5. Try not to party too hard
Guess what? Park City, Utah in the middle of January is a harsh environment for human beings. The elevation can bring on altitude sickness, fatigue, and bouts of dizziness. Alcohol will go to your head faster than that person who decided to wear heels will slip and fall on black ice. Hangovers are more intense. So just try and take it easy. If you’re going to a party, be sure to hydrate and not drink too much. You’ll feel like garbage the rest of the next day, which will surely be packed with even more screenings and events to go to.
“At least one member of our team has gotten some sort of stomach ailment every year we’ve gone.”
6. Bring a medicine cabinet
I feel like your mom right now, but this is important. These cold temperatures are no joke and even if you have a strong immune system, chances are that someone around you in the theater, on the bus, or at the party, doesn’t. The fact is everyone at Sundance is cold and running on very little sleep 100% of the time. It’s a breeding ground for sickness. So much so that insiders kindly refer to it as “Flu Dance.”
At least one member of our team has gotten some sort of stomach ailment every year we’ve gone. So bring along an army of medicinal supplies to combat it and be proactive. Start drinking water a week before you get there, bring a water bottle and put Emergen-C into every bottle you drink, and if you do end up getting sick, stock up on Tylenol, Advil, Dramamine, etc.
7. Eat food
It’s really easy to forget that food exists when you spend the majority of your day either waiting in line, running around the cold, or inside a movie theater. There is very little time to actually seek out and find a real meal, so if you do find yourself with some precious moments to spare, take a minute and do it. Most theaters will have a snack stand inside, but prices are very expensive and the packaged food is not very good.
Another option is to stake out the branded houses that give away free finger foods and coffee. It’s more likely that you’ll just need to snack. Hit up a grocery store first thing once you arrive (there’s a great one called Fresh Market right by Main Street) and buy plenty of deli meats so you can pack sandwiches for lunch on the go, you’re more than welcome to break them out during a screening, while there is security that searches backpacks, they will never take away any food or liquid. Get Cliff or other energy bars for the mornings and in between screenings. You’ll be very happy you did.

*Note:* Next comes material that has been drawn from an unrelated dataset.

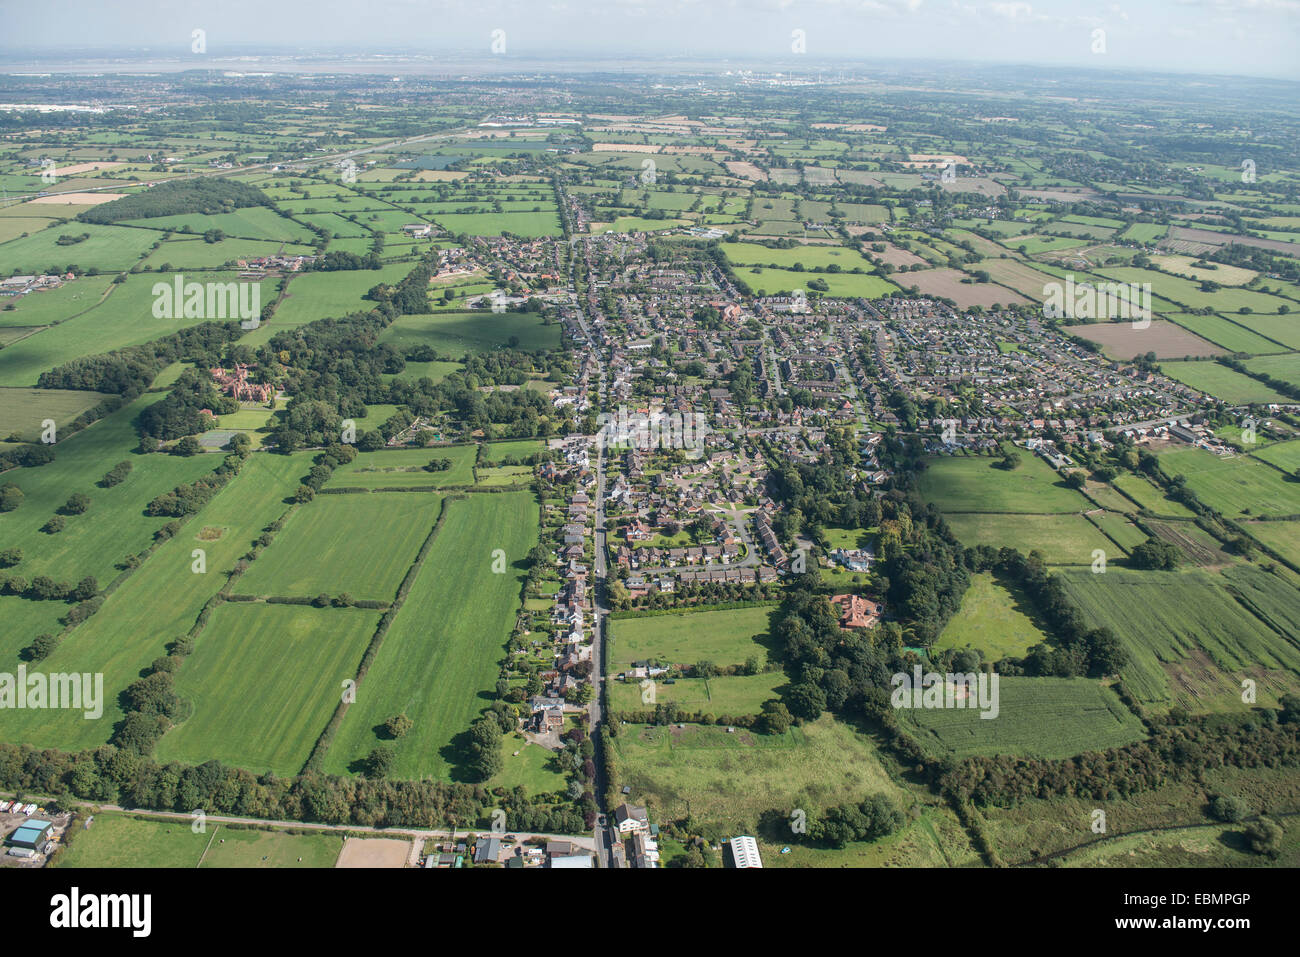 An aerial view of the Cheshire village of Saughall with surrounding countryside and Ellesmere Port visible in the distance Stock Photo

8. Prioritize movies that don’t already have a distributor
One of the biggest things I’ve learned traveling the festival circuit over the past four years is to be adventurous in your screening selections. As an attendee of Sundance, you’re able to check out some flicks that may never see the light of day anywhere else, so why not take advantage? It’s easy to be tempted by the big names, but chances are you’ll be able to see a lot of those films in theaters only a few months down the road.